DATASET EXCERPT:
┌──
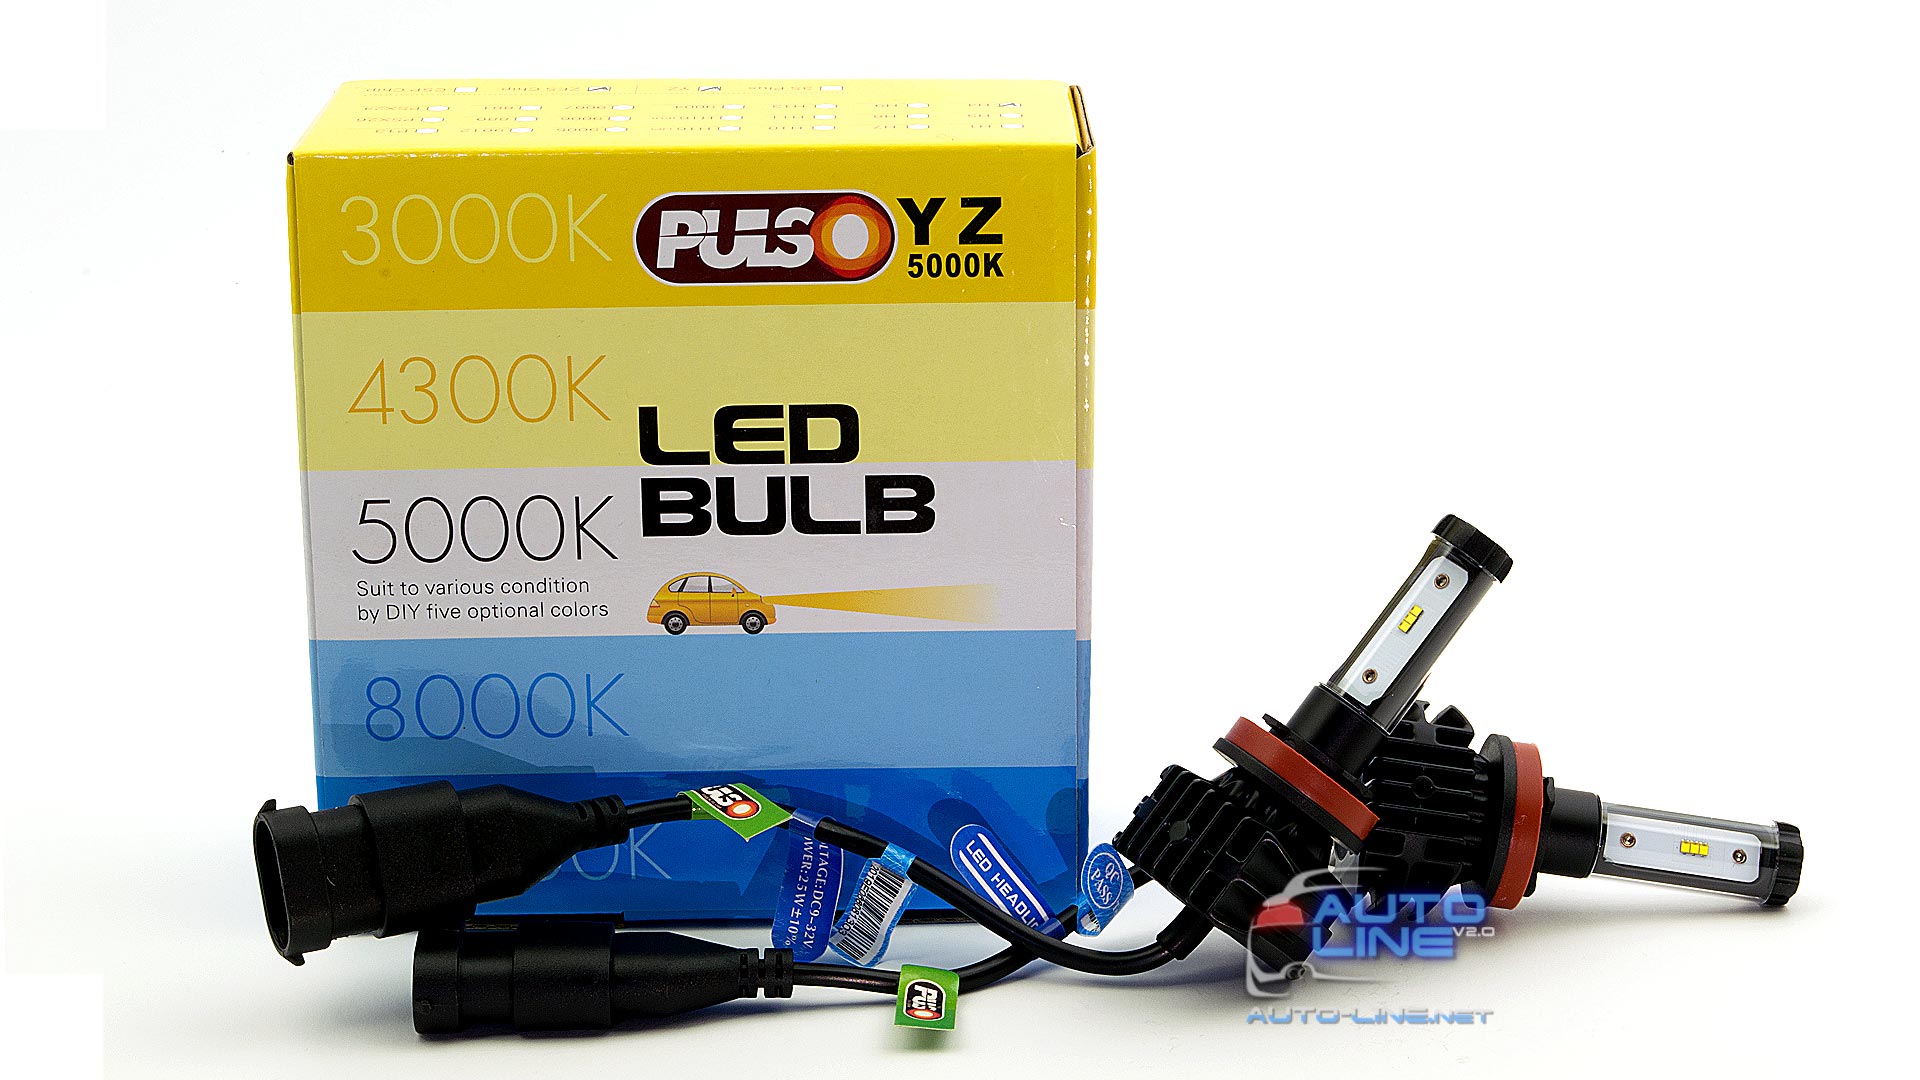 Фото 1 - PULSO YZ H11 LED-chips ZES-Philips 9-32v 25w 4500Lm 3000-4300-5000-8000-10000K YZ-H11
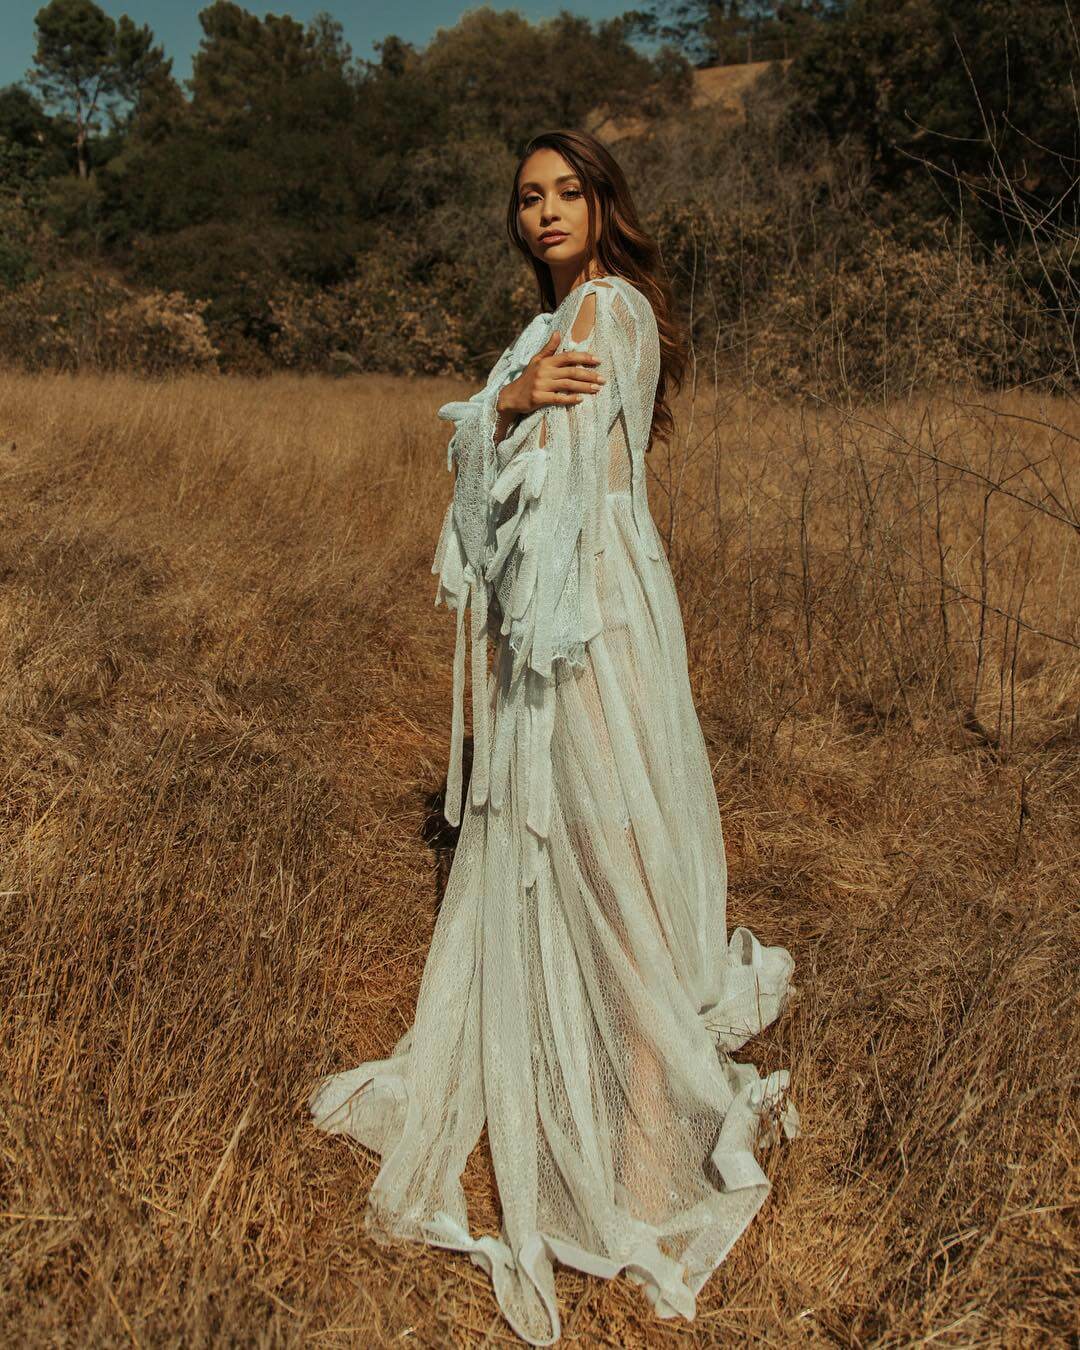 Lindsey Morgan - Soft Girl Glam in a Flowy Gown
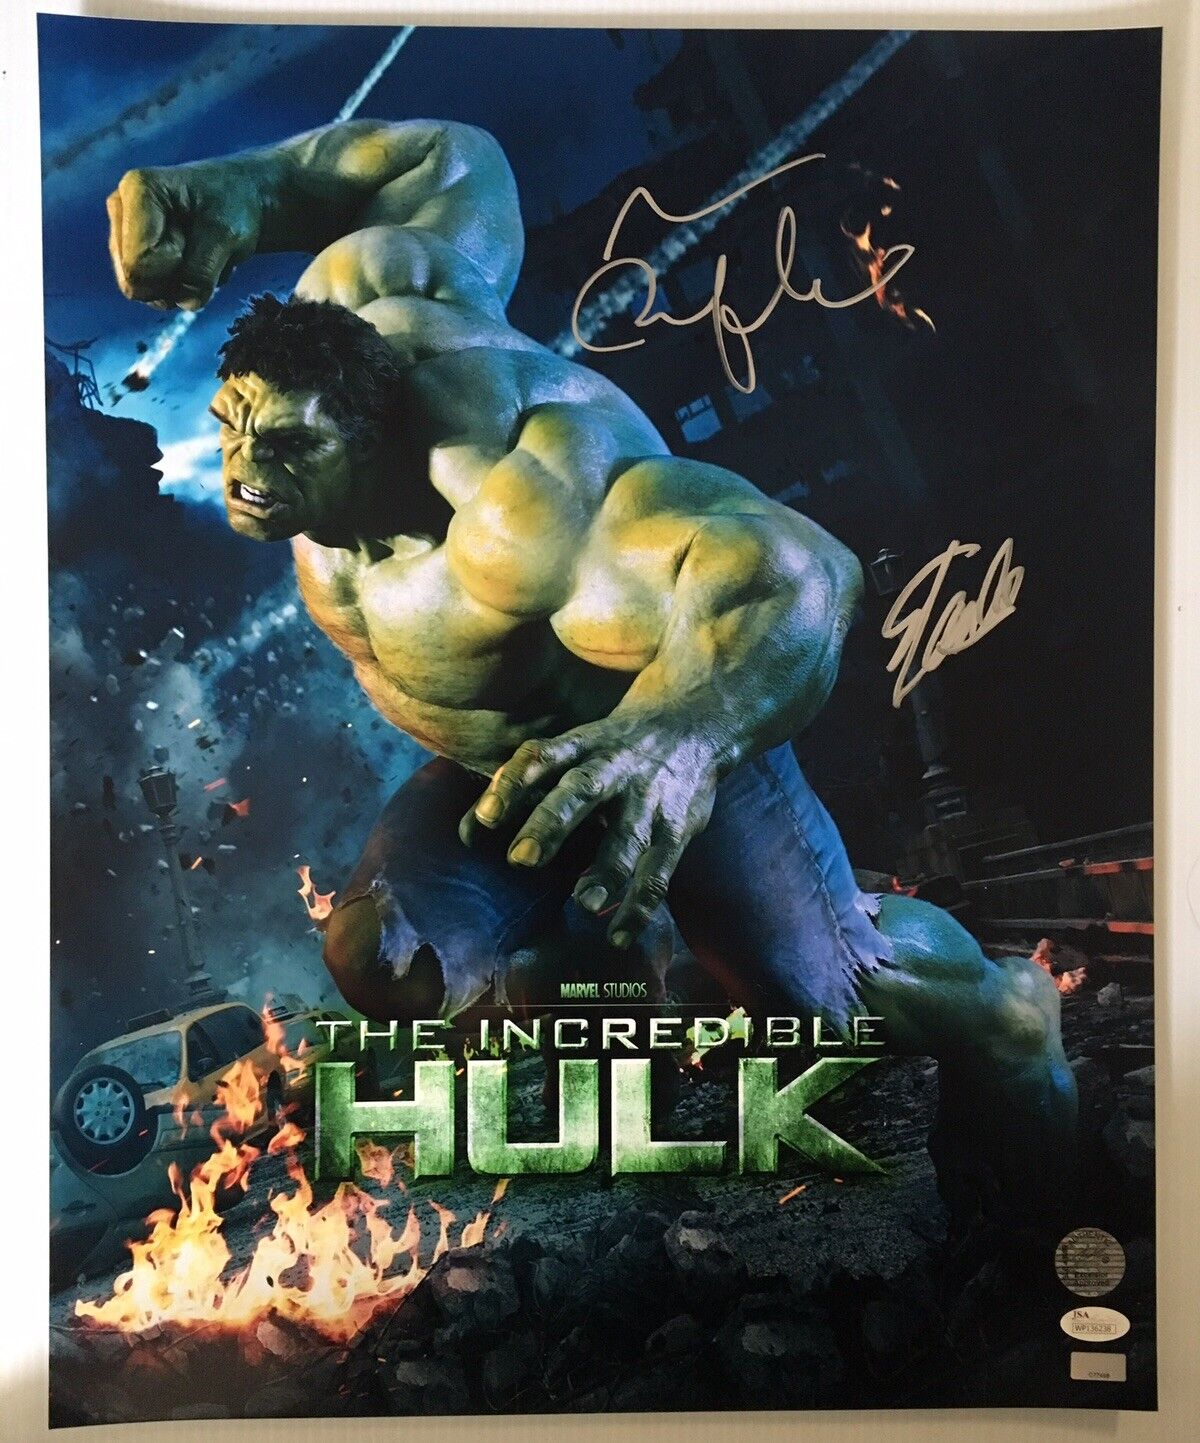 Stan Lee Mark Ruffalo Signed Autographed 16x20 Photo Poster painting JSA CELEBRITY AUTHENTICS
└──
GOAL OF THE EXERCISE: Set the entire listing down again, exact in every line, without any pictures.

OUTPUT OF THE TASK:
 Фото 1 - PULSO YZ H11 LED-chips ZES-Philips 9-32v 25w 4500Lm 3000-4300-5000-8000-10000K YZ-H11
 Lindsey Morgan - Soft Girl Glam in a Flowy Gown
 Stan Lee Mark Ruffalo Signed Autographed 16x20 Photo Poster painting JSA CELEBRITY AUTHENTICS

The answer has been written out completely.